5 min dibaca
03 Apr
03Apr

Suara Keheningan | Berita Karit | 3.03.2021

 + Maria Para Konfrater dan Para Frater Komisariat Karmel “Titus Brandsma”, Maumere, Indonesia Timur Yang terkasih dalam Kristus dan Bunda-Nya.

1. Salam sejahtera dalam kasih Tuhan dan Bunda-Nya, Maria. Waktu berjalan begitu cepat. Masa Prapaskah sebagai masa retret agung dan masa penuh rahmat sudah kita lewati bersama. Kita tentu sudah memanfaatkan 40 hari ini untuk mempersiapkan puncak perayaan penebusan kita. Lalu, Kepemimpinan Provinsi, termasuk Komisariat Karmel Indonesia Timur juga akan berakhir. Kita sedang mempersiapkan diri untuk merayakan Pertemuan Persaudaraan kita. Kapitel Provinsi sudah diagendakan dan akan diadakan di Rumah Retret “St. Yosef”, Bedugul, Bali pada tanggal 22-28 Agustus 2021 mendatang. Surat saya pada kesempatan ini menjadi sapaan saya terakhir dalam periode kepemimpinan ini. Saya ingin menulis tentang Paskah dalam kaitan dengan semangat pelayanan kita, bertepatan dengan tahun 2021 sebagai Tahun Pelayanan. 

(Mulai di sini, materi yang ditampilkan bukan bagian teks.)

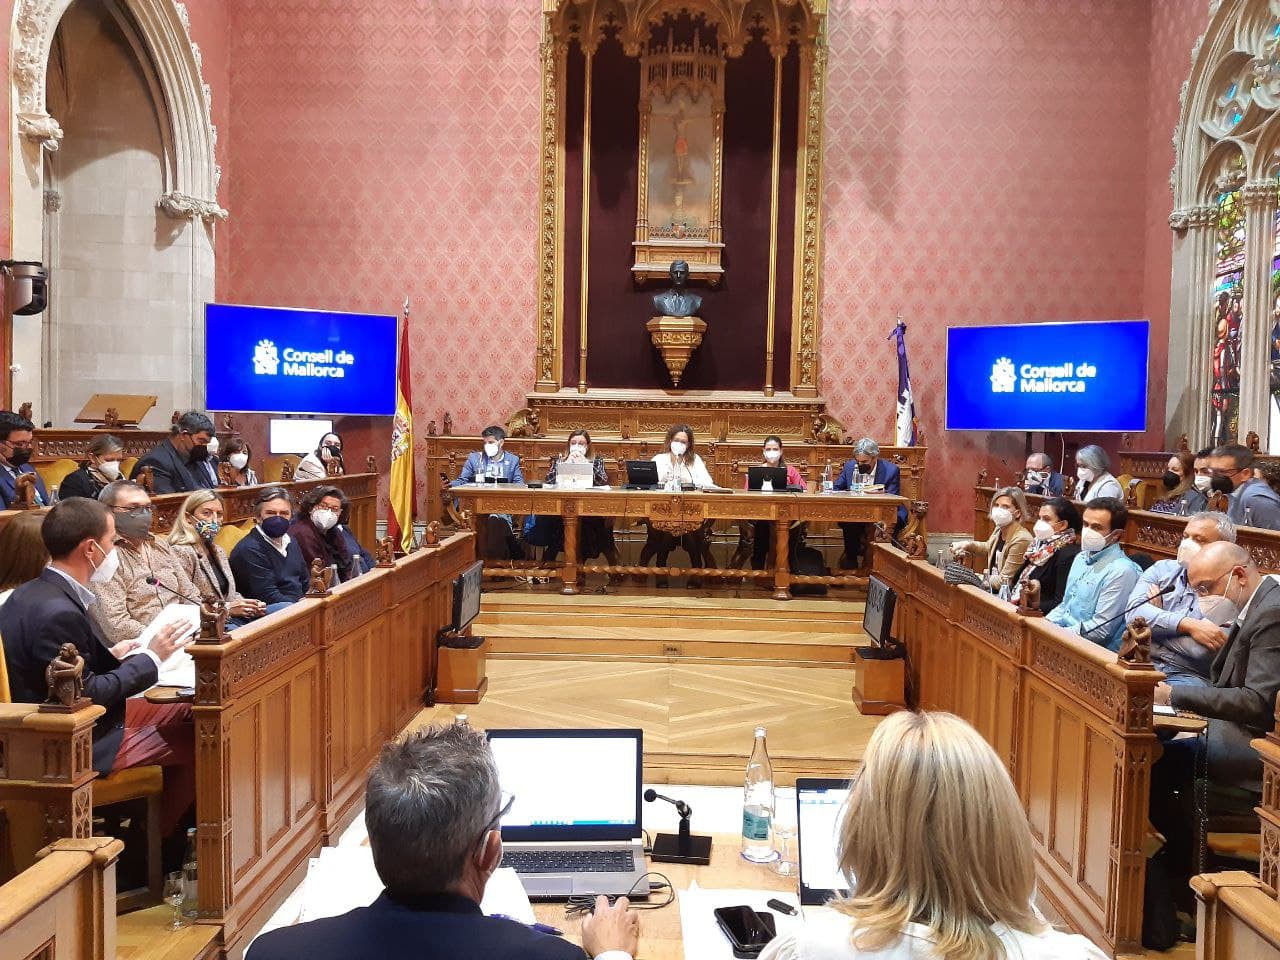 Sessió extraordinària del Ple del Consell de Mallorca

2. Tidak terasa pandemi virus corona (covid-19) sudah berlangsung lebih dari setahun. Tanpa kita duga, sebetulnya kita sudah membiasakan diri dan semakin terbiasa dengan situasi baru ini. Vaksinasi sedang berjalan. Semoga dalam waktu yang tidak terlalu lama lagi, pandemi ini segera berakhir. Patut untuk diakui bahwa di satu sisi, kita merasakan dampak buruk akibat covid-19. Namun disisi lain, kita mendapatkan banyak hikmah selama pandemi ini. Kita sudah dan sedang belajar untuk bersyukur dalam kesulitan, belajar membangun kesetiakawanan dengan sesama yang menderita dan tentu belajar melayani secara kreatif serta tepat sasaran. 

3. Paskah tahun ini, sebagaimana tahun yang lalu, terjadi dalam situasi khusus, yaitu: pandemi covid-19. Dengan demikian, kita merayakan sukacita Paskah di tengah “dukacita” karena pandemic. Kegembiraan kebangkitan Tuhan dimaknai di tengah “kesedihan” karena begitu banyak korban akibat virus corona. Namun, justru peristiwa Paskah membuka tabir misteri di balik nestapa ini. Secara khusus bagi kita para Karmelit, kita diundang untuk merefleksikan kembali arti sebuah pelayanan di tengah situasi yang demikian. Spirit hidup Kristiani yang bermutu, semangat hidup bakti yang mendalam, dan roh Karmel yang berkobar-kobar harus menjiwai setiap bentuk pelayanan kita. 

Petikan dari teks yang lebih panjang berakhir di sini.